И мимо непробудного трюмо
Снега скользят и достигают детской,
Быть может, им послушно и само
Дрожанье в елке позолоты грецкой.
О этот шелестящий коленкор
Повешенных в парче своей орешин,
И как нездешний шорох этот смешан
С молчаньем ангела и звоном бус и шпор.
О как отдастся первою гирляндой
Свечам и вальсу россыпь синих бус,
И так же глухо мальчик в шапке гранда,
И так же глухо…
На этом обрывается одно из самых энергичных и живых во всей «начальной поре» стихотворений.
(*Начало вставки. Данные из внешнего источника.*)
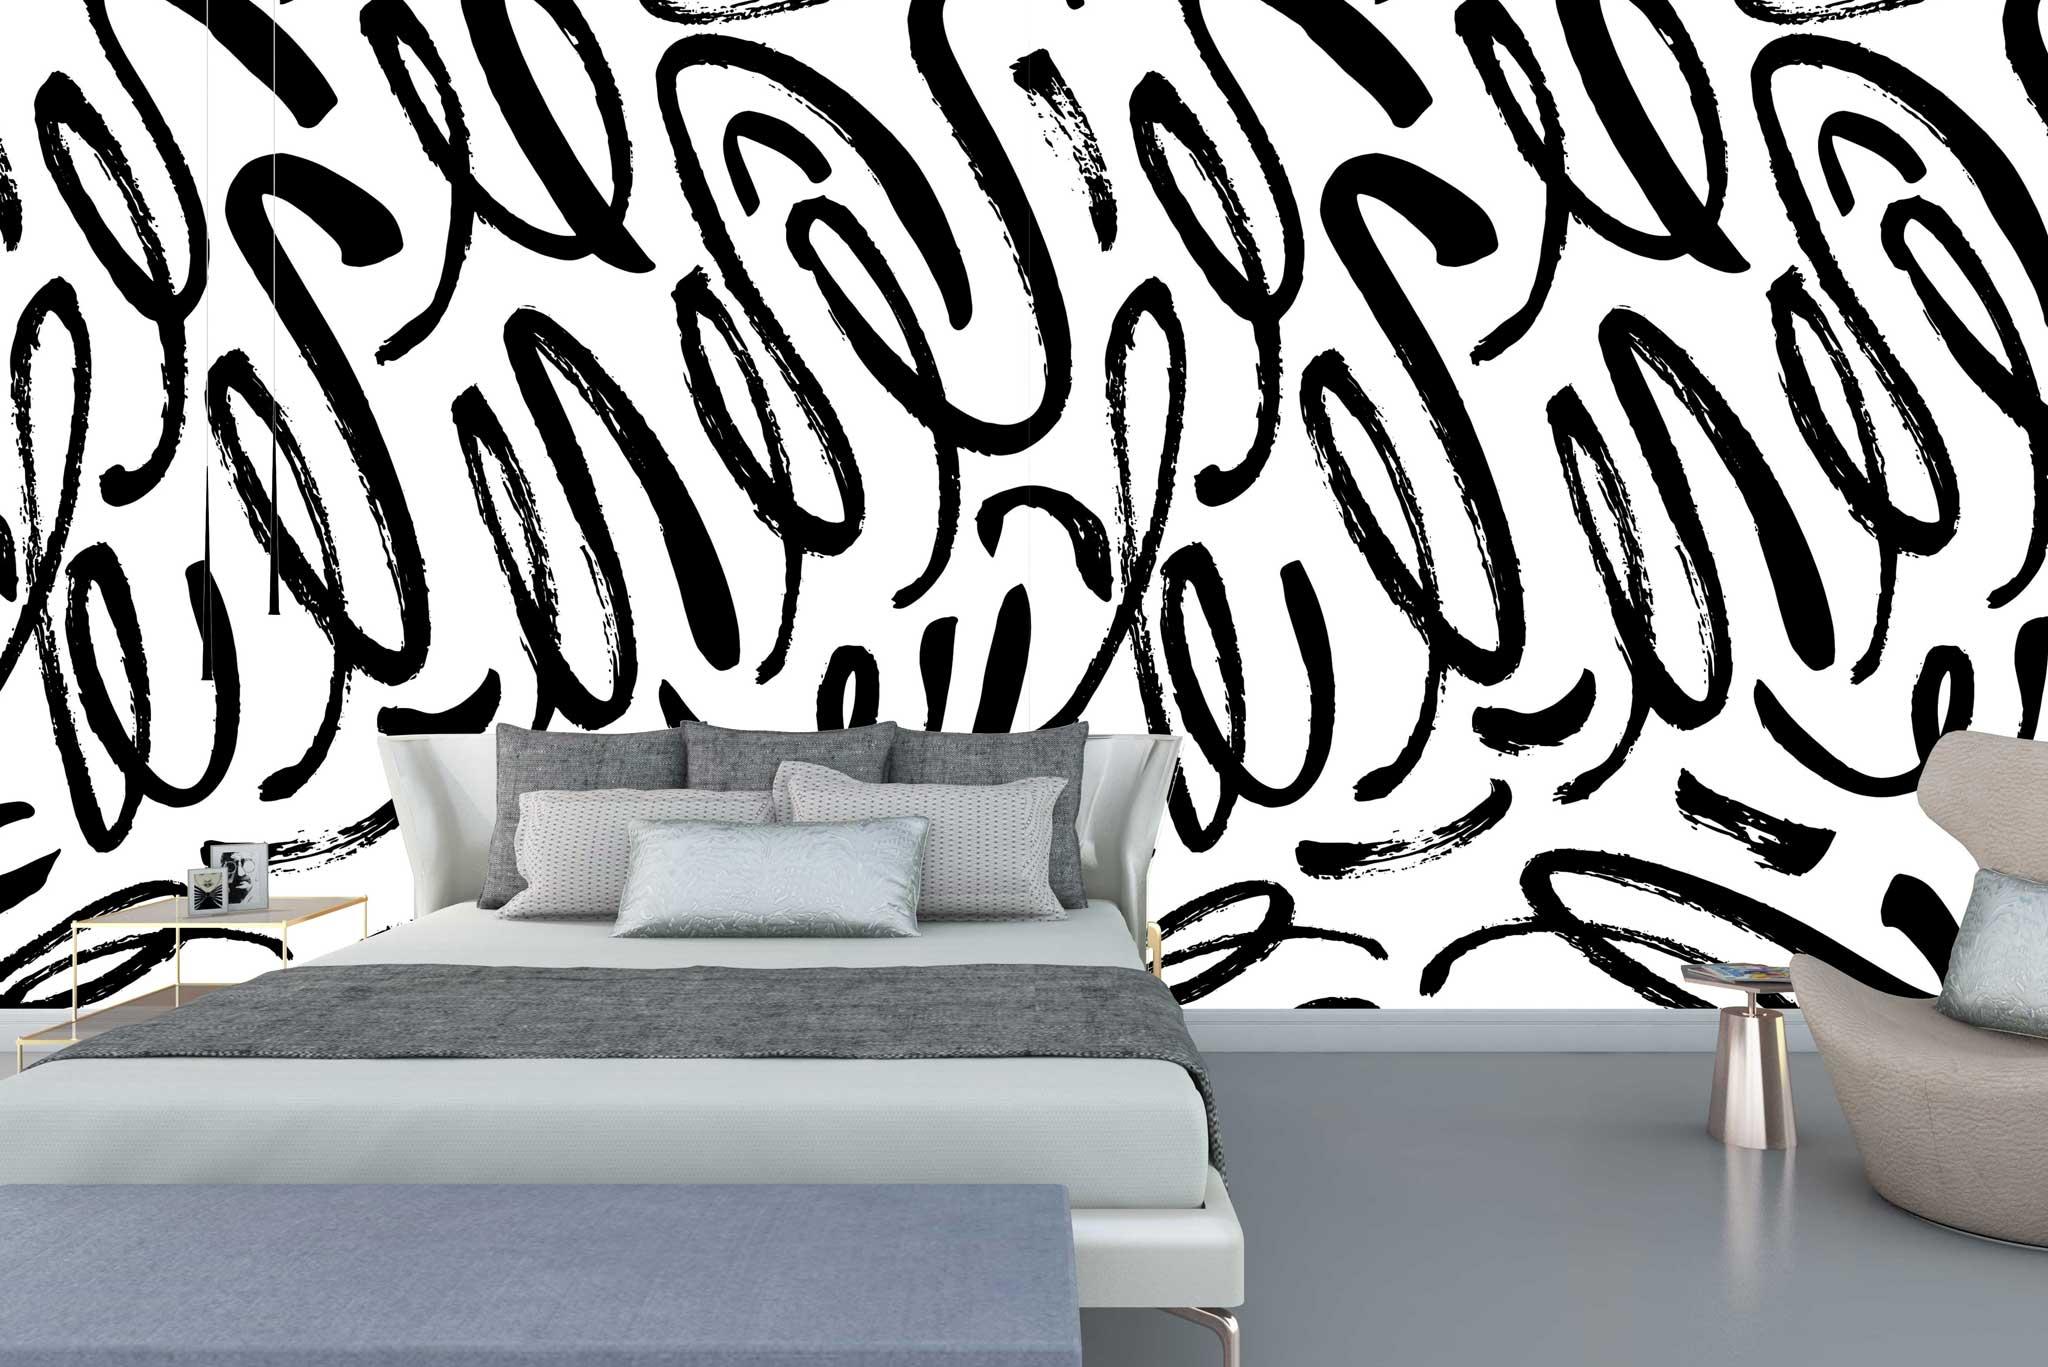 tapet-fototapet-comanda-personalizat-bucuresti-perete-special-lux-model-desen-grafic-alb-negru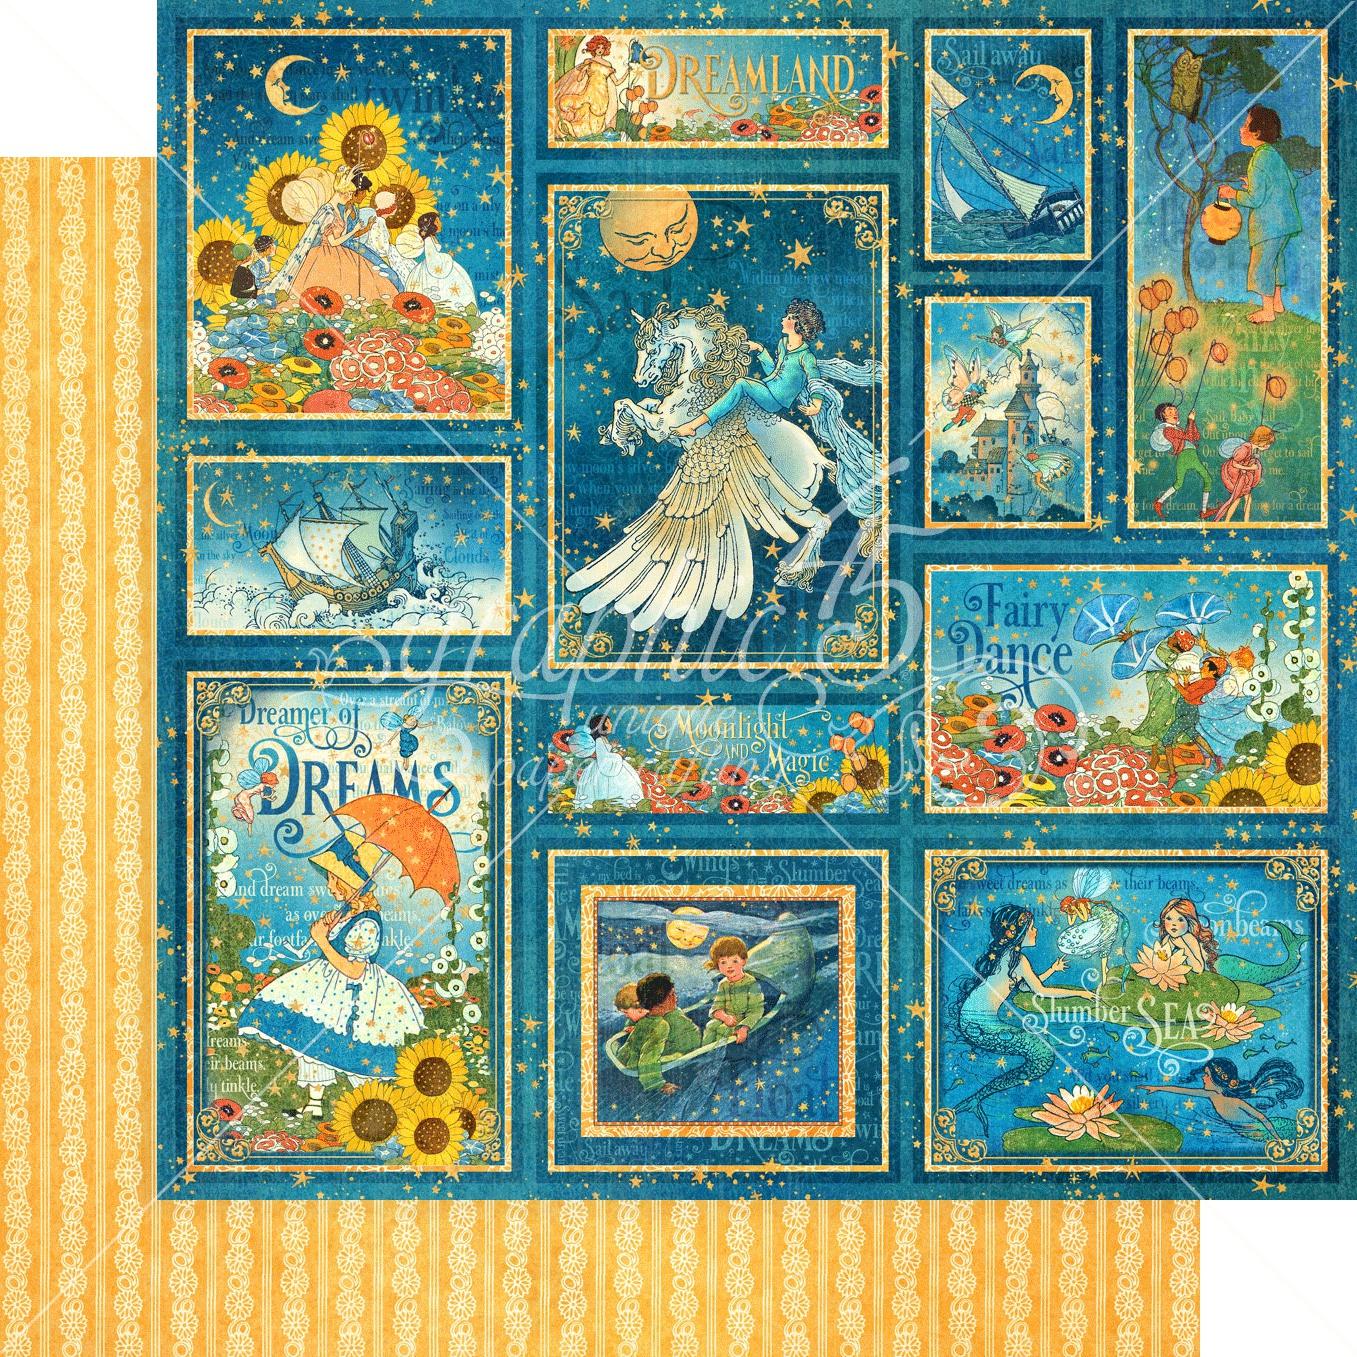 Dreamland-Stars Aligned 12x12 paper

И хотя Пастернак говорит в одном из ранних набросков – «насильственно заперт дар детства», но именно этот дар свежего и необычного зрения, соединенный с музыкальным бормотанием, преображает «декабрьскую руду» действительности гармоническими звуками аллитераций и ассонансов. Вслушаемся хотя бы в одну строку: «Свечам и вальсу россыпь синих бус…» Образы «тени», «бессонного подростка», «ребенка», «детской» перейдут в стихи Пастернака из этих первых опытов, в рамках которых навсегда останутся раннепастернаковские, действительно подростковые, гигантизмы:
Прощайте. Пусть! Я посвящаюсь чуду.
Тасуйте дни, я за века зайду.
Прощайте. Пусть. Теперь начну оттуда
Святимых сроков сокрушать гряду.
Для раннего Пастернака, как для Маяковского, характерно и богоборчество, от которого он, в отличие от Маяковского, затем напрочь откажется, отшатнувшись от «себя-прежнего». И все же – в этих стихах слышно, как
Грозя измереньем четвертым
И смерти предрекши погибель,
Душа шла на прибыль, на прибыль,
И сердце излилось за бортом.
.
Я чуял над собственным бредом
Всплеск тайного многолепестья,
Мой венчик, незрим и неведом,
Шумел в запредельное вестью.
Занятия философией Пастернак не оставляет, хотя в философских тетрадях рядом с конспектами набрасывает все новые и новые строфы. Однако он производит на друзей впечатление человека, боящегося своего собственного призвания. Темнота и неясность его стихов пугают его самого.
Пастернаки переезжают из казенной квартиры на четвертом этаже училища на Мясницкой в новое жилище – семикомнатную квартиру на Волхонке. Приходившие к Борису друзья отмечают, что Леонид Осипович становится все ироничнее при обращении с сыном. Он знал о новом увлечении сына – теперь поэзией – и не был этим доволен. Впрочем, отец, всегда сосредоточенный на своем даре и деле художник, вообще не был доволен его разбросанностью. Психологически они были очень разными, если не противоположными натурами. Зная о недовольстве отца, Борис писал в письме родителям, отбывшим на каникулы в Бельгию, в шутливом тоне, о своей серьезнейшей внутренней проблеме – поисках идентичности:
«Я в сущности нечто вроде св. Троицы. Индидя выдал мне патент на звание поэта первой гильдии, сам я, грешный человек, в музыканты мечу, вы меня философом считаете, но я боюсь, что все это вызвано не реальными, наличными достоинствами, а скорее тем, что установилось общее мнение такого рода. Что мне мешает завтра сказать, что я астрономией занимаюсь, вот тебе сразу и астроном»
(13 июля 1907 г.).
Несмотря на внушительные размеры новой квартиры, Борис опять делит комнату с братом: безупречно убранную, стерильно-скучную. Хотелось на воздух, на волю: друзья предпочитали встречаться с ним в университете или у Анисимова. Почти ежедневно Борис читал им новые стихи.
Отталкивание-притяжение – от родителей, от друзей, порою понимавших, а порою не понимавших и высмеивающих его поэтическую сумбурность, – приводило к внутренней напряженности. Разрешалась же она только стихами.